Photo: The Associated Press
With the flames of the financial crisis abated but still crackling, Capital One is accused of stoking the embers for the next big economic meltdown.Experts fear we’ve only treated the symptoms of our financial maladies by rescuing banks without addressing the possibility of systemic failure.
Consumer groups and competitors are worried Capital One’s most recent business endeavour will set the scene for another predictable collapse.
Capital One gets bigger
Capital One recently put a $9 billion bid on ING Direct USA, hoping to acquire 7 million new customers and $80 billion in deposits. The acquisition would launch Capital One to the #5 position in bank deposits. If the Fed allows the deal to go through, they will own over 32% of all outstanding credit card securities and reenter the mortgage market with ING’s $41 billion in mortgage loans. Capital One would achieve Too-Big-To-Fail status, and not everyone’s thrilled about the upgrade.
The financial world is worried Capital One will launch the next subprime lending crisis. Capital One operates under a rather risky business model in which more than 75% of its profits come from credit cards alone. In addition, it is the only significant subprime credit card issuer in the US and at the forefront of subprime auto lending.
Some fear Capital One’s recent acquisition of HSBC’s U.S. credit card arm will fuel its subprime tendencies. HSBC was once Capital One’s leading competitor in subprime credit card distribution, so combining the two will create a veritable subprime giant. Capital One plans on using ING to fund the HSBC portfolio. Last time it was mortgages. Next time it will be credit cards.

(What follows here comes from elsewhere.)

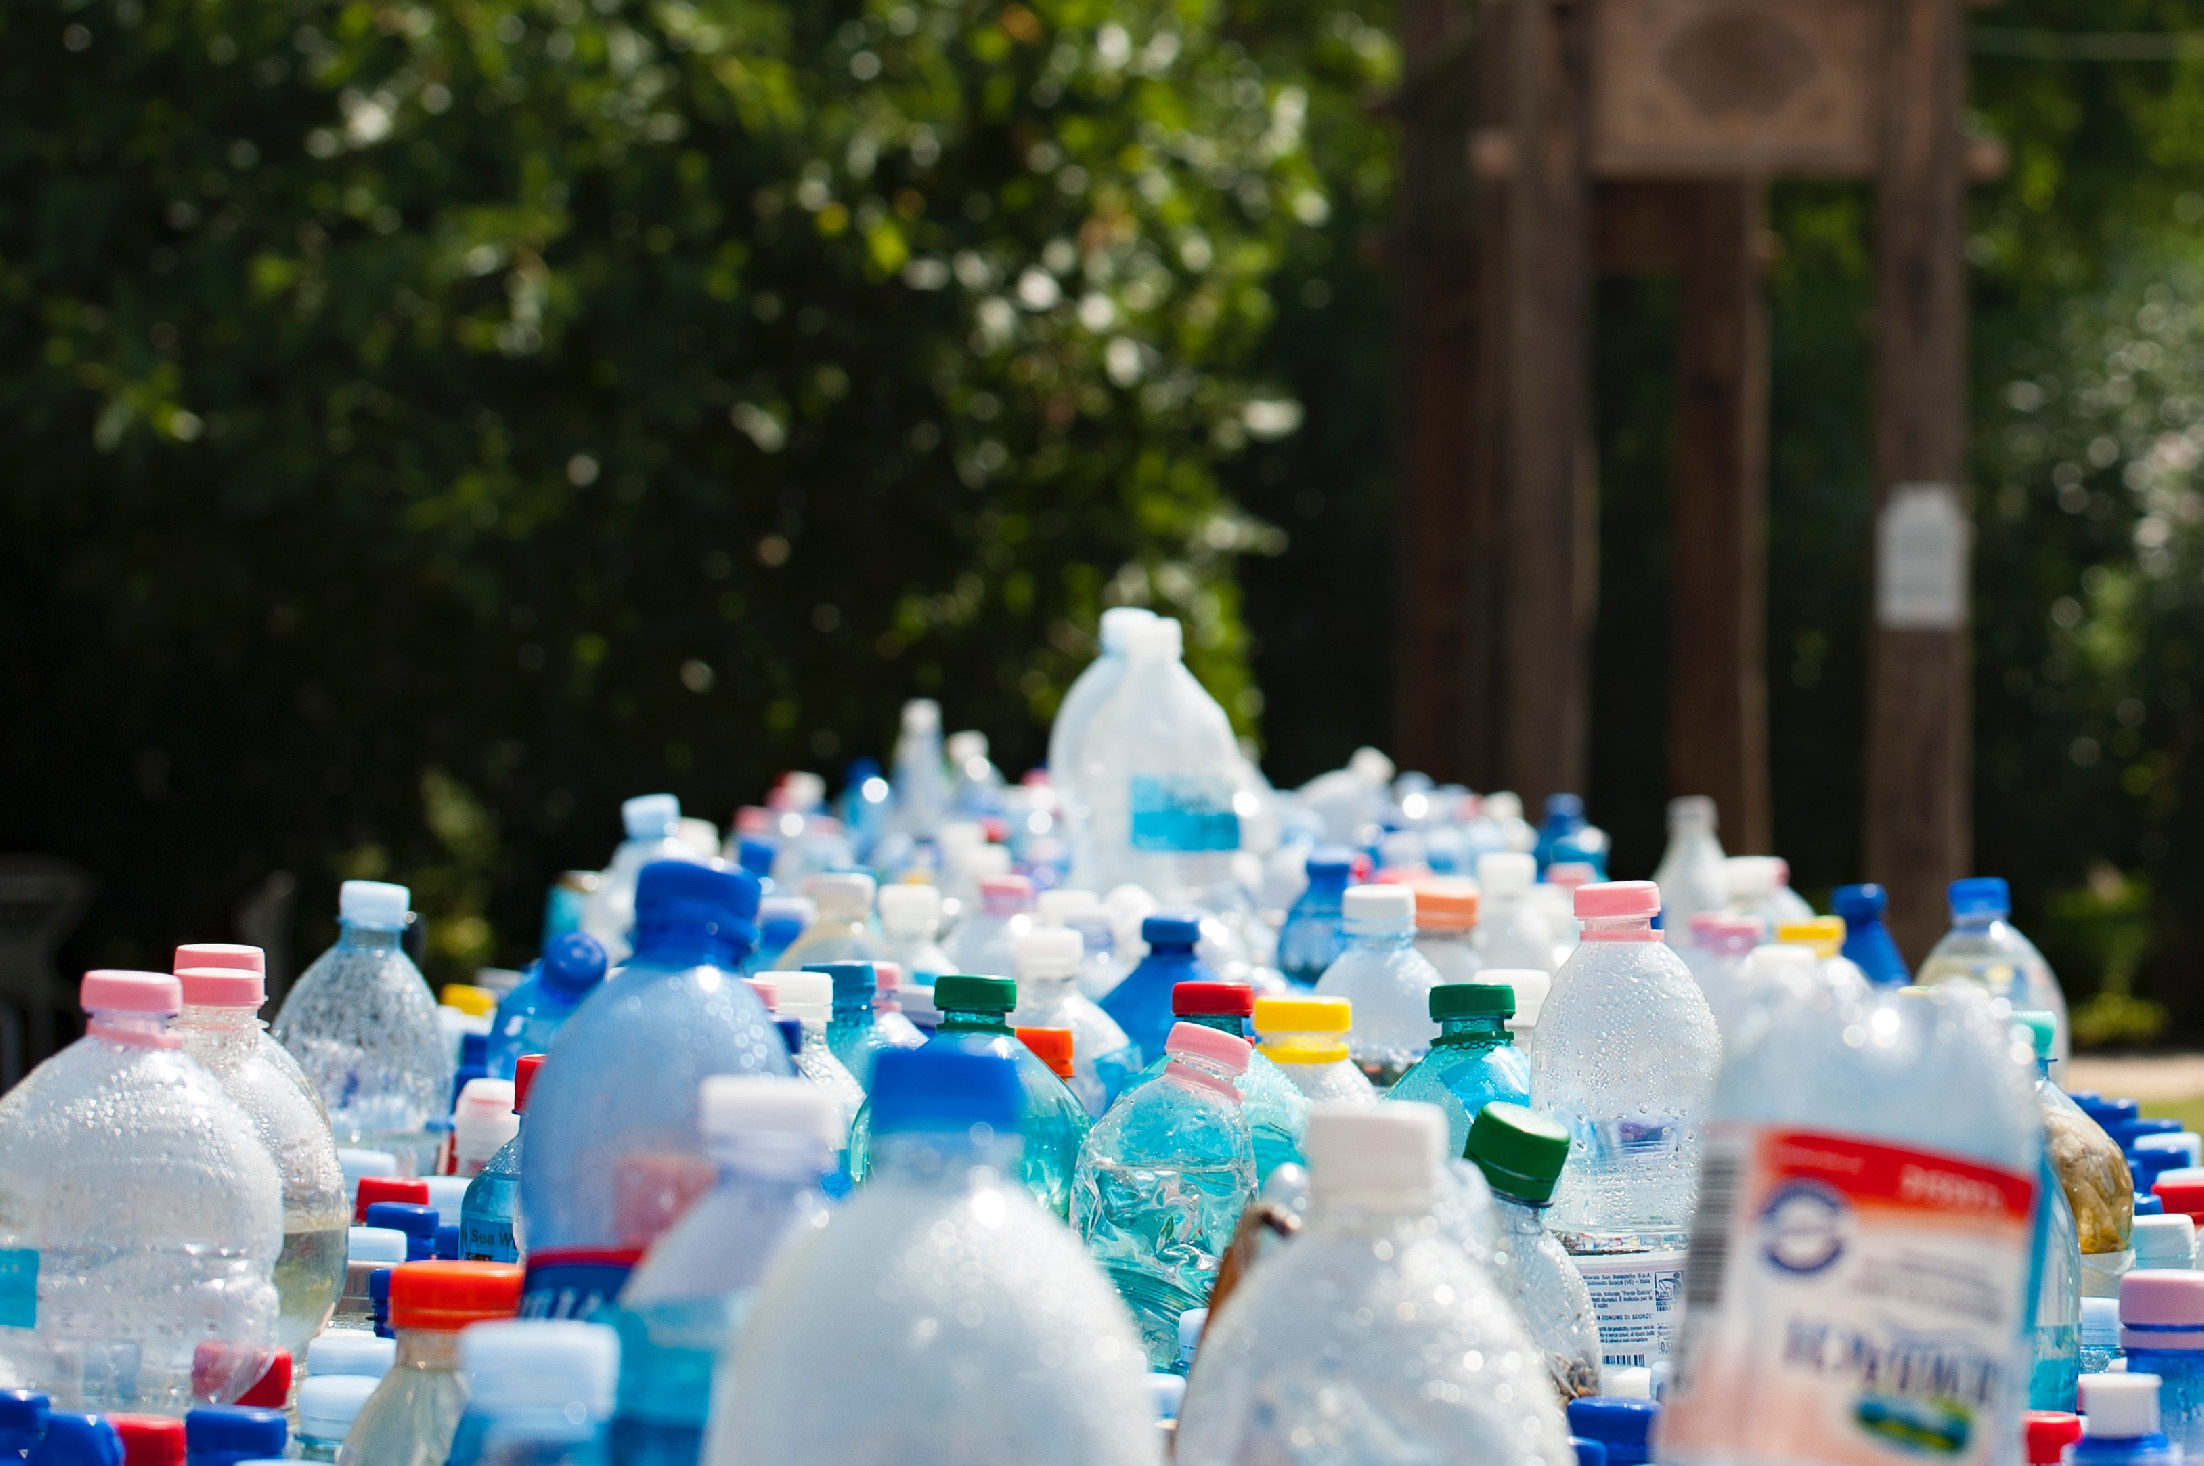 Januártól ismét lesz visszaváltási díj a fém, üveg és műanyag palackokra

Uncertainties and reassurances
Capital One is attempting to assuage the outcries by insisting the deal is more of a philanthropic benefit than risk to the financial system. John Finneran, general counsel and corporate secretary for Capital One, said the purchase “will serve as a catalyst for community development, local job creation and economic growth.” Capital One plans to hire more than 3,600 employees by the end of 2011 and create 500 jobs in Delaware, ING’s American home base.
Under the Dodd-Frank financial overhaul law, the Fed must weigh the risks of bank mergers against potential rewards to determine whether such a move would jeopardize the economy. The deal is being challenged in a series of public hearings. If approved, the merger will stimulate huge growth for Capital One and Capital One credit cards.
The decision could also have significant ramifications for the future of subprime lending. Approval would result in the expansion of subprime credit card distribution, which is a concern for those who fear another lending binge. The 2008 crisis left a sour taste in America’s mouth. Nobody wants to see subprime lending rise to such predominance again for fear of eventual catastrophe. HSBC offers like the Orchard Bank card are praised for helping people with bad credit, but too many subprime credit cards could set the stage for tragedy.
A lot is riding on this deal. The future of Capital One, the future of subprime lending, the future of bank mergers and the future of the entire American economy will be shaped by the decision. The result could be another crippling recession or a pleasant little bout of philanthropy. Time will tell.